La planta de Bartolo
Bartolo sembró un día un cuaderno en un macetón. Lo regó, lo puso al
calor del sol y, cuando menos lo esperaba, ¡trácate!, brotó una planta
tiernita con hojas de todos colores.

Pronto la planta comenzó a dar cuadernos. Eran hermosísimos, como


esos que les gustan a los chicos. Tenían tapas de colores y muchas
hojas muy blancas, que invitaban a hacer sumas, restas y dibujitos.

Bartolo palmoteó siete veces de contento y dijo:

—¡Ahora, todos los chicos tendrán cuadernos!
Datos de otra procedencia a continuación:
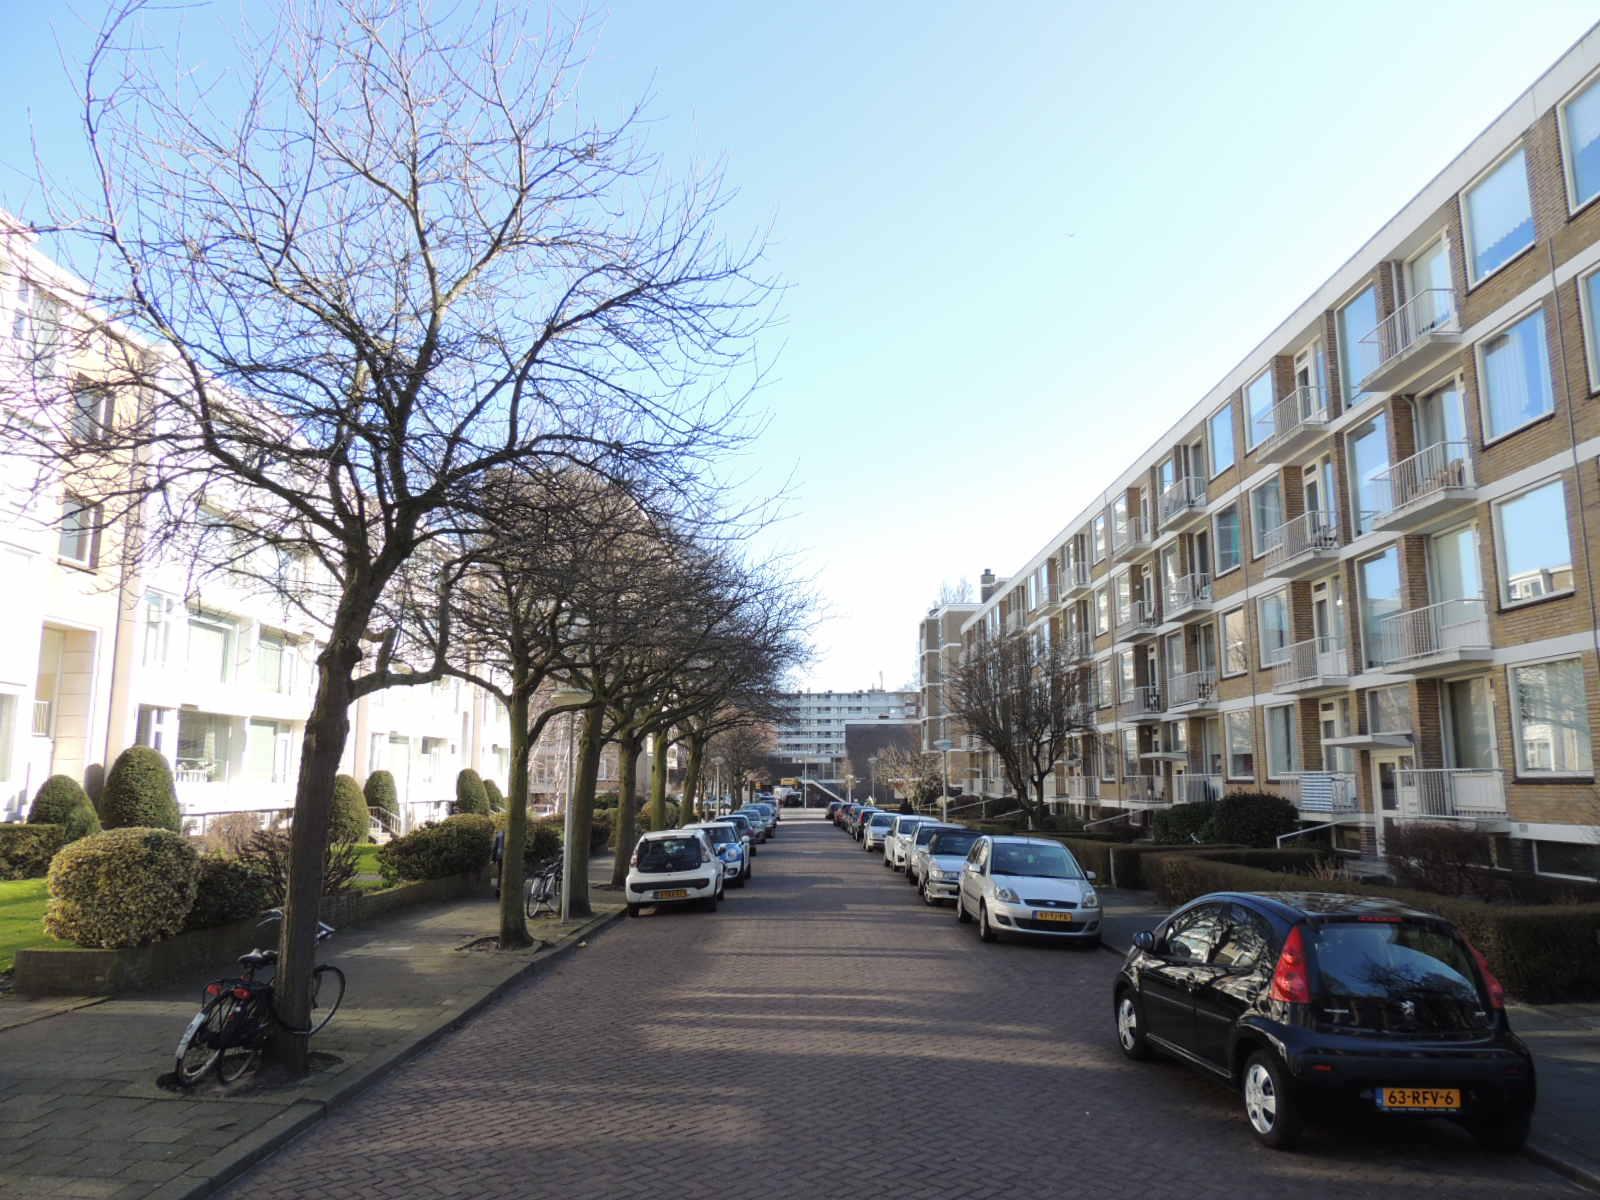 Messchaertstraat, The Hague
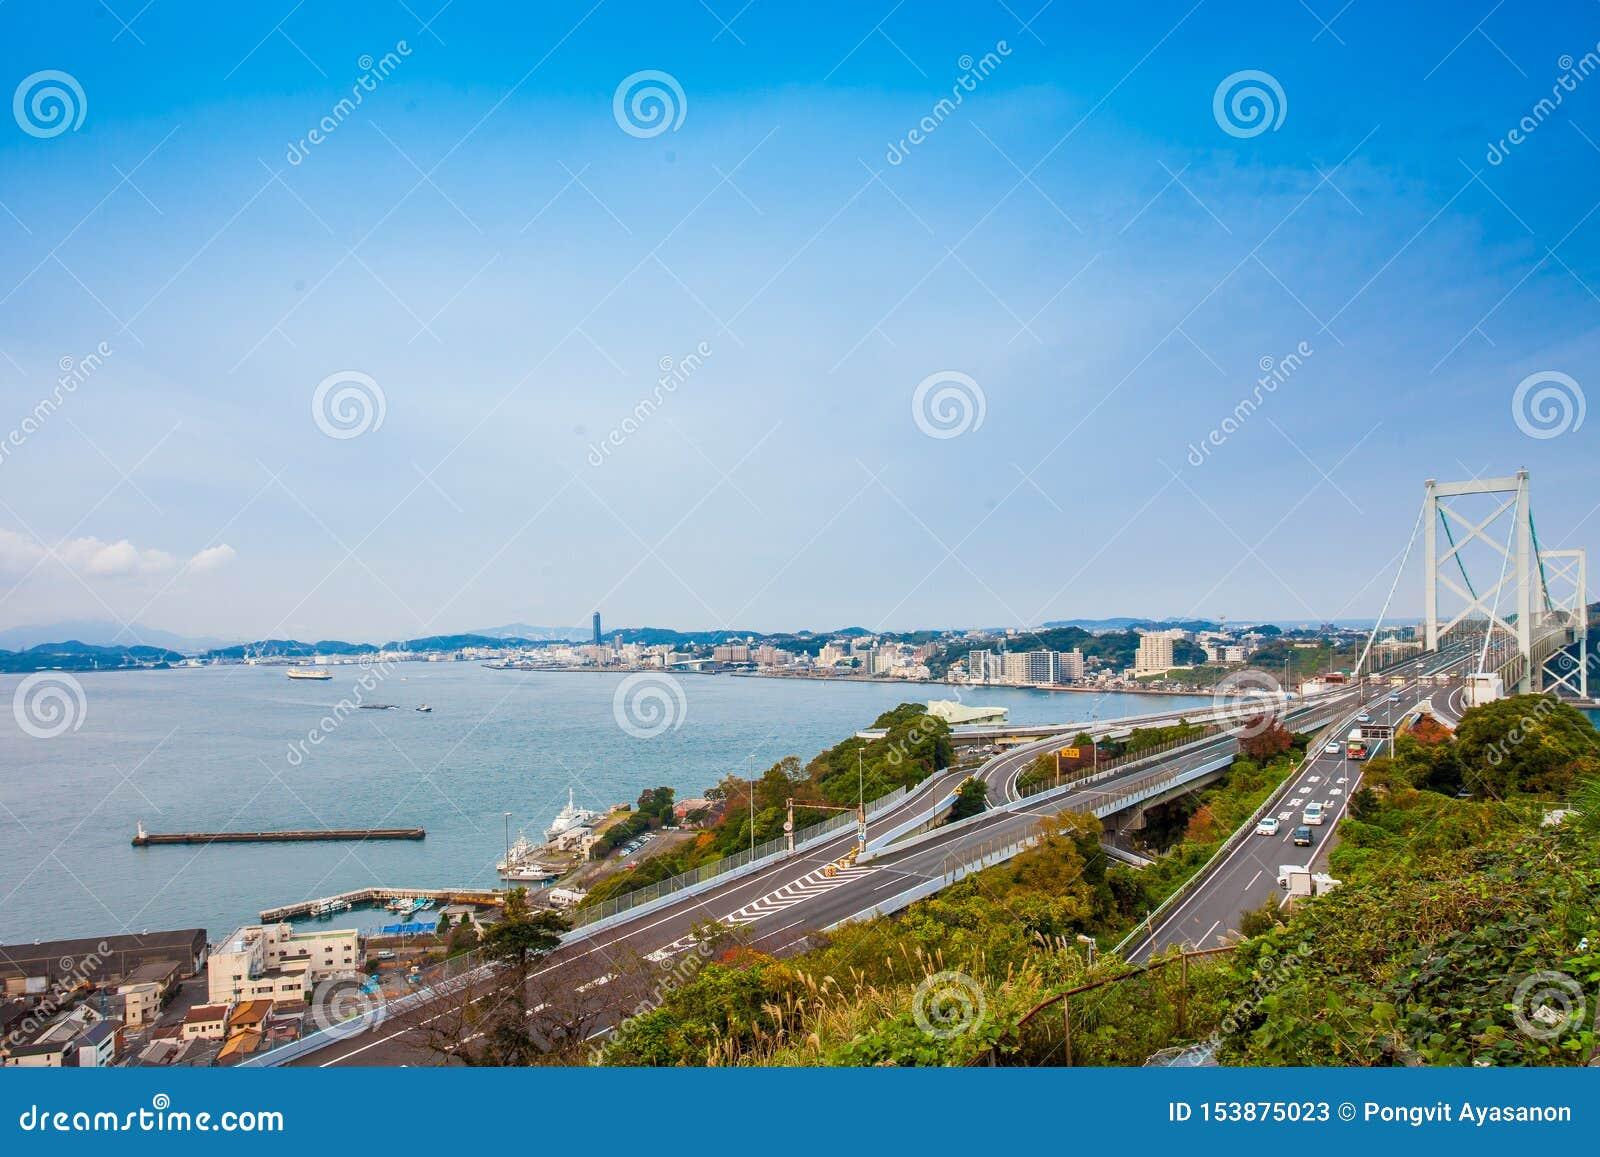 Détroit de Kanmon et pont de Kanmonkyo : Le pont de Kanmonkyo relie Honshu et Kyushu au Japon

Pobrecitos los chicos del pueblo. Estaban


tan caros los cuadernos que las mamás, en
lugar de alegrarse porque escribieran
mucho y los fueran terminando, rezongaban
y les decían:

—¡Ya terminaste otro cuaderno! ¡Con lo que


valen!

Y los chicos no sabían qué hacer.

Bartolo salió a la calle y haciendo bocina


con sus enormes manos de tierra gritó:

—¡Chicos!, ¡tengo cuadernos lindos para


todos! ¡El que quiera cuadernos nuevos que venga! ¡Vengan a ver mi
planta de cuadernos!
Una bandada de parloteos y murmullos llenó inmediatamente la casita de
Bartolo, y todos los chicos salieron brincando con un cuaderno nuevo
debajo del brazo.

Y así pasó que cada vez que acababan uno, Bartolo les daba otro, y ellos
escribían y dibujaban con muchísimo gusto.

Pero una piedra muy dura vino a caer en medio de la felicidad de Bartolo
y los chicos.

El vendedor de cuadernos se enojó como no sé qué.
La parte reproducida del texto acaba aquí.